What is Masakari anyway?
Literally, a broadaxe, metaphorically, a powerful tool/weapon to cut evil/ignorance, I have made this booklet:
http://www.sanmayce.com/MSKR/masakari_3.pdfAlso, as a big fan of Mech Commander I loved those battle mechs, the most awesome one was Masakari - the brutal destroyer in the field.
Here comes Masakari r.5 ...
Glad to share the first complete revision, featuring:
- Ability to load a filelist (a file containing filenames, with paths or not) pressing SPACE and the selected one will be loaded in the same window;
- Ability to browse files bigger than available RAM;
- The parser is 64bit i.e. 4+GB files can be uploaded in fast mode;
- Two modes, fast (memory used will be filesize+lines*16) and efficient (smaller memory footprint, just lines*16 bytes);
- Built-in benchmark #1: LShift+RShift - Reporting (in the status line in red color) the time for load;
- Built-in benchmark #2: LCtrl+RCtrl - Reporting (in the status line in red color) the time for PgDn-ing the entire file;
On my laptop (i5-7200u @2.5GHz, 36GB DDR4 2133MHz, Windows 10, Samsung 860 PRO 256GB SATA 3), current r.5 loaded the Oxford English Dictionary in 96 seconds, in its fast mode (i.e. ToLoadOrNotFlag = 1).

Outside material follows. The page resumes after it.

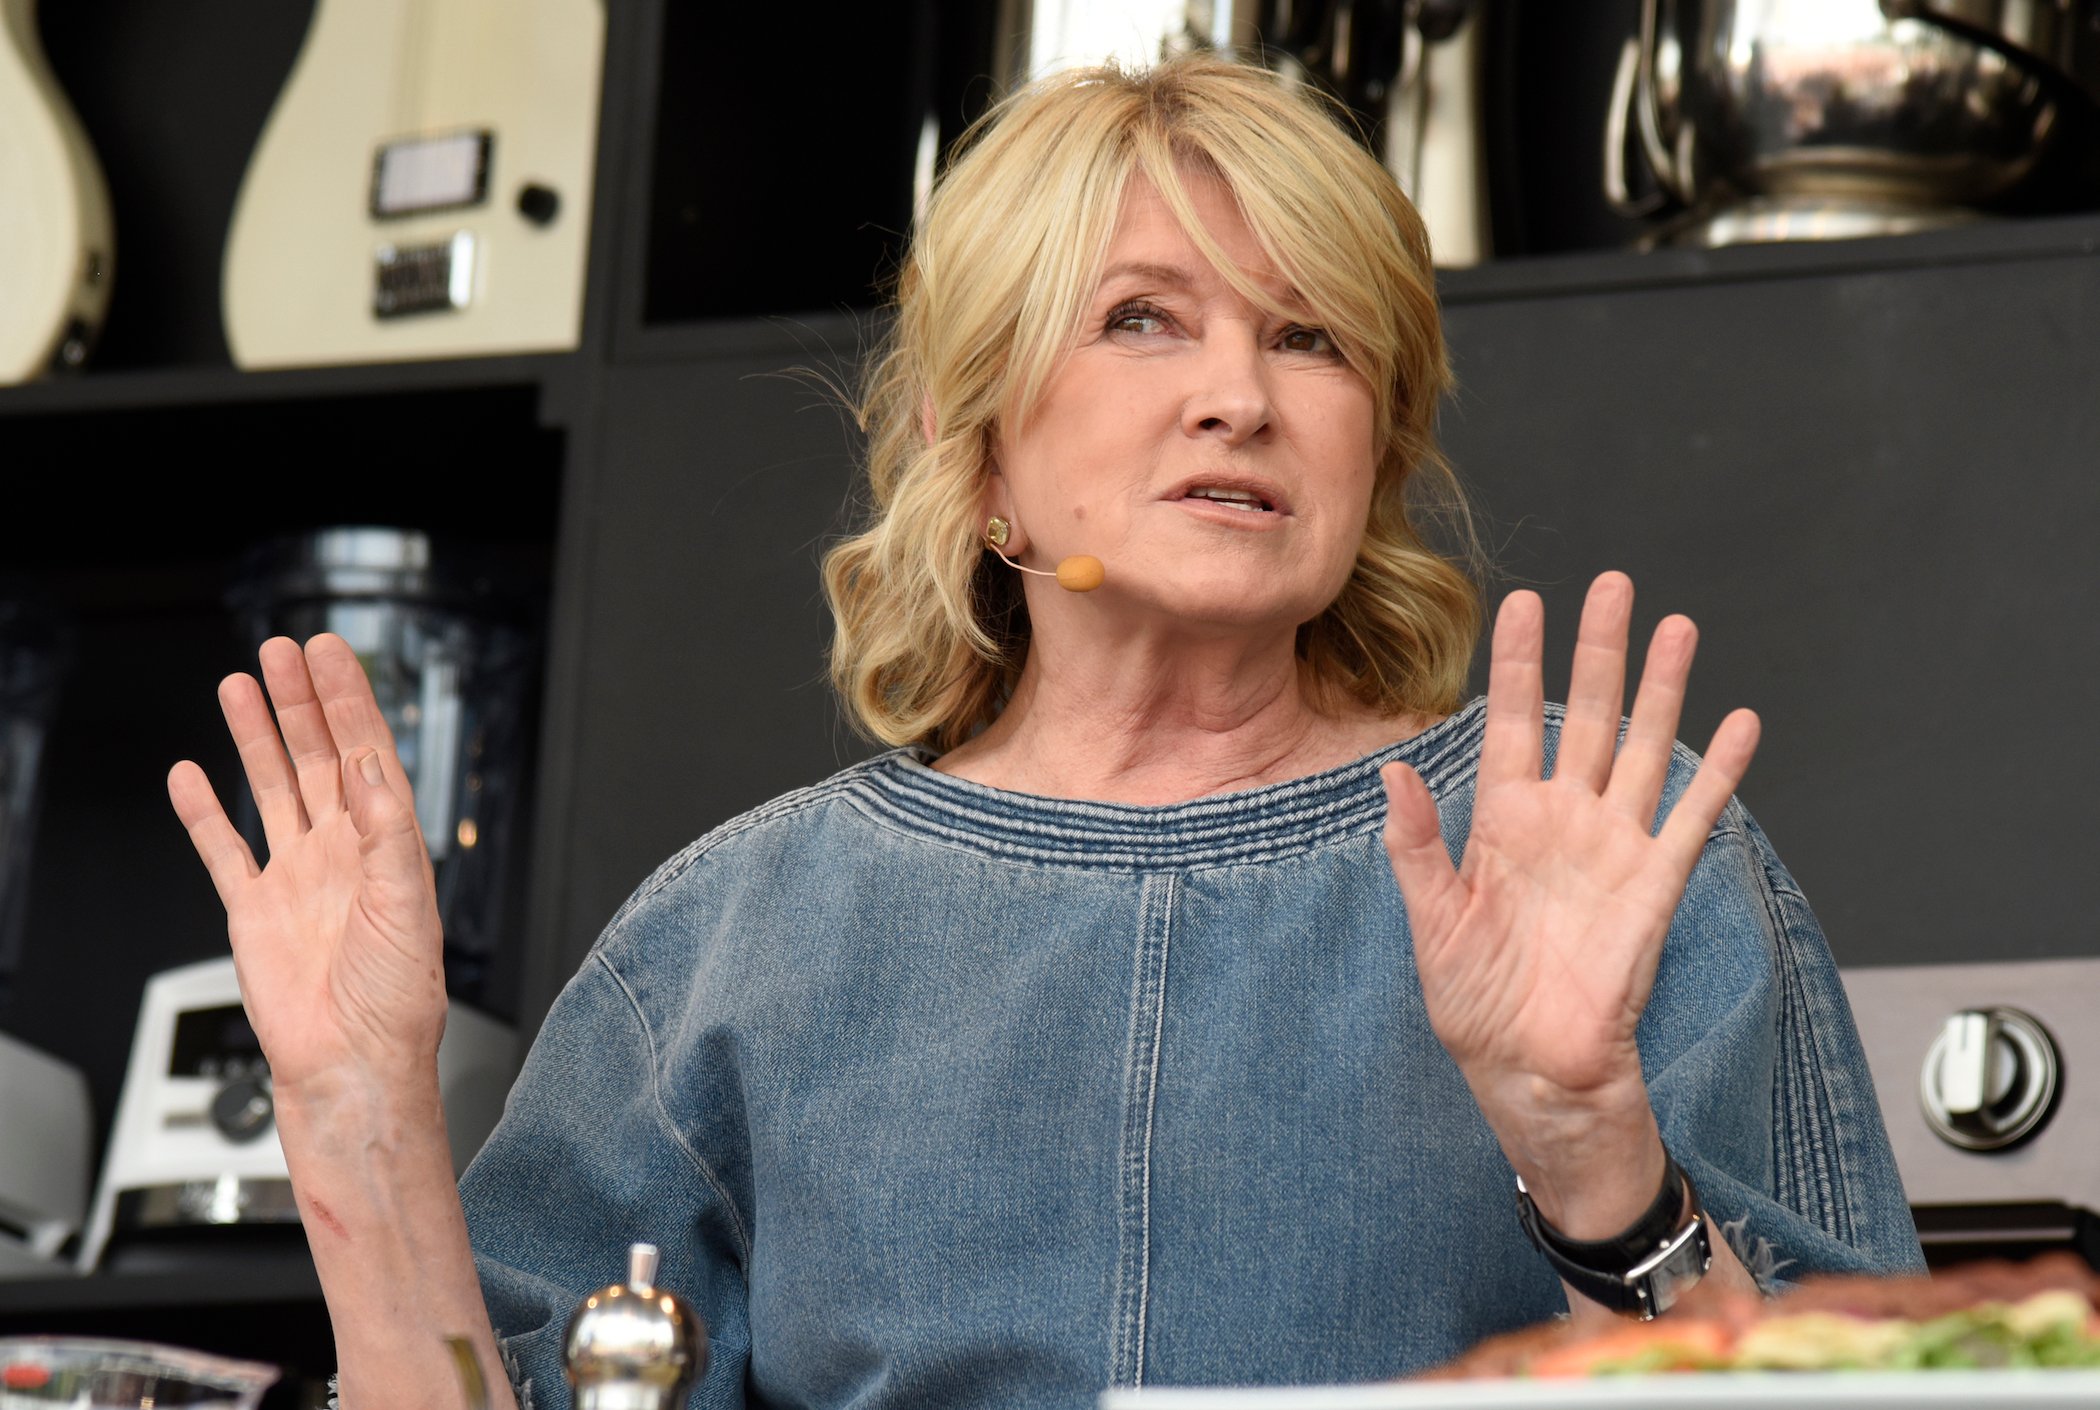 Martha Stewart, a famous cook known for her accessible recipes, speaking into a microphone at an event

In its efficient mode (i.e. ToLoadOrNotFlag = 0) the load time was 3,342 seconds.
However, Task Manager shows Memory Usage: 1248MB for fast and 141MB for the efficient one.
The benchmark #2 simulates holding PgDn key until the end is reached, in fast mode it gave 1162 seconds, or 4,071,706 lines / 60 lines / 1162 seconds = 58 Pages-Per-Second.
The benchmark #2 simulates holding PgDn key until the end is reached, in efficient mode it gave 1241 seconds, or 4,071,706 lines / 60 lines / 1241 seconds = 54 Pages-Per-Second.
In the incoming days will run Wikipedia benchmark i.e. loading the 76GB in fast mode, curious to see how much time will take.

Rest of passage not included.